Saturday, October 30, 2010

Those Dangerous Foods




I am often asked when it is safe to introduce foods such as eggs, peanuts, and fish to an infant.  These foods can cause allergic reactions in some children, so parents are understandably anxious about introducing them to their infant or toddler.  My answer:  it is safe when she is old enough to eat it without choking on it. 

Choking?  What about the allergy risk?  Well, we just do not know when is the right time to introduce foods that may cause allergic reactions.  Despite the strong opinions you might encounter on the topic, there is very little scientific evidence that delaying the introduction of a certain food will decrease the chance of having an allergic reaction.  In fact, there is some evidence, although not conclusive, that early introduction of a food may actually decrease the risk of developing an allergy to that food. 

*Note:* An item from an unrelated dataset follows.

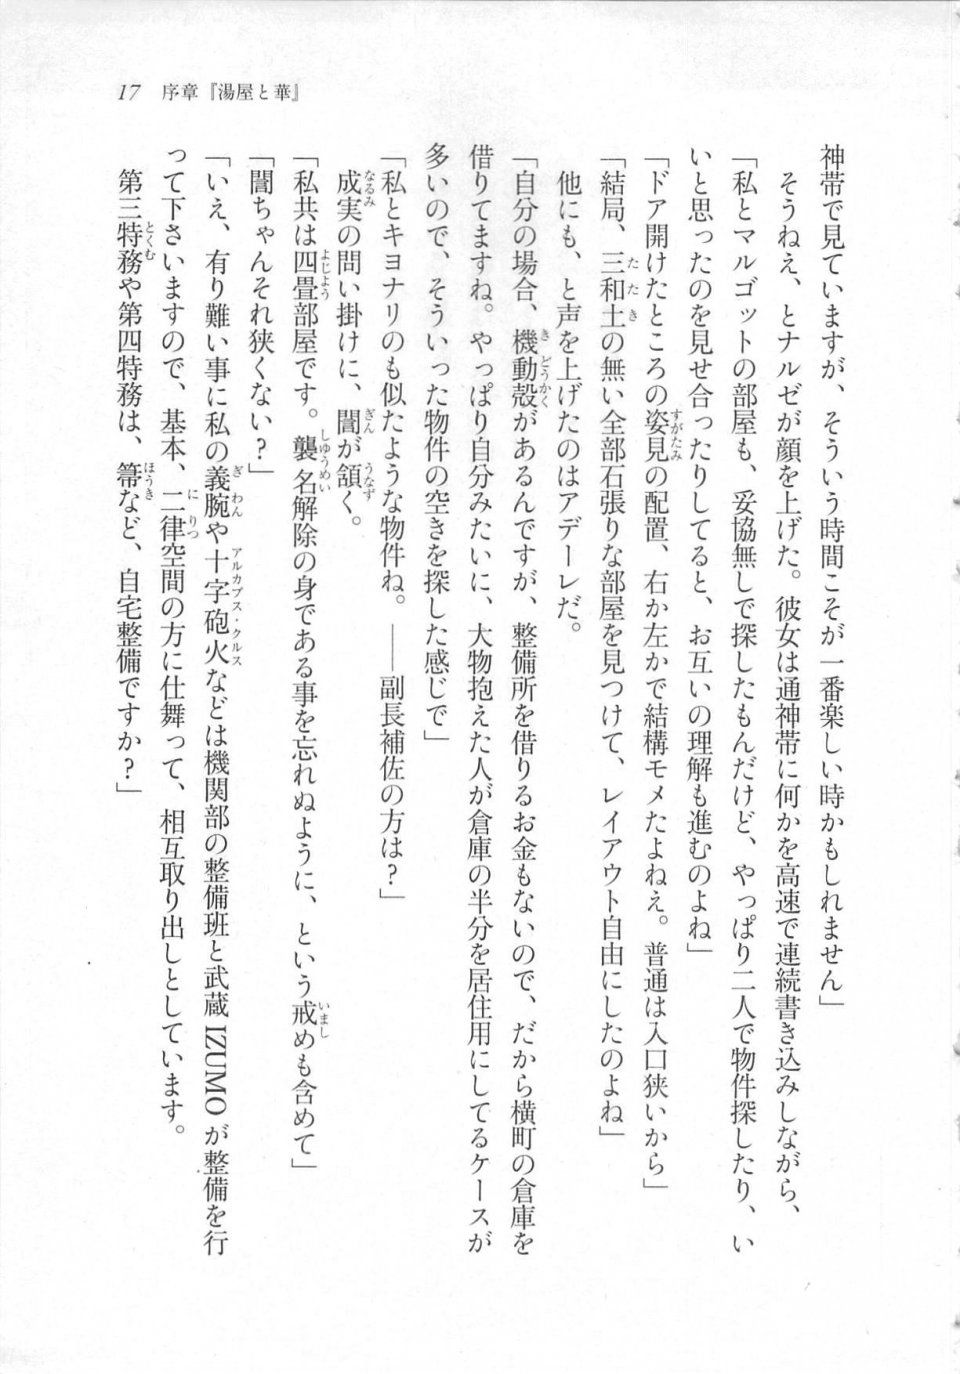 Kyoukai Senjou no Horizon LN Sidestory Vol 3 - Photo #21

In 2000, the American Academy of Pediatrics recommended withholding foods such as peanuts and shellfish until a child was 2-3 years old.  The AAP also recommended that pregnant women and breast feeding mothers avoid these foods.  In 2008, the AAP revised this recommendation, stating that there is little evidence that the previous recommendations made any difference. 

Everyone has an opinion, and this is mine.  After 12 months old, I give parents free reign to introduce any foods that the parent eats.  I also warn parents to use common sense in terms of choking hazards.  Is it possible the child may have an allergic reaction to peanut butter?  Yes, but it is also possible the family could be in an auto accident driving home from the grocery store where they purchased the peanut butter.  There is risk to everything we do.  It is important to realize that delaying the food does not affect this risk.

If there is a family history of severe allergic reactions to foods, I may tailor my recommendations a little.  There are rare cases where I will recommend allergy testing before giving a child a certain food because of previous reactions or family history.  For most families, I recommend what I have done with my own children.  After a year old, if I am eating it, he or she can eat it.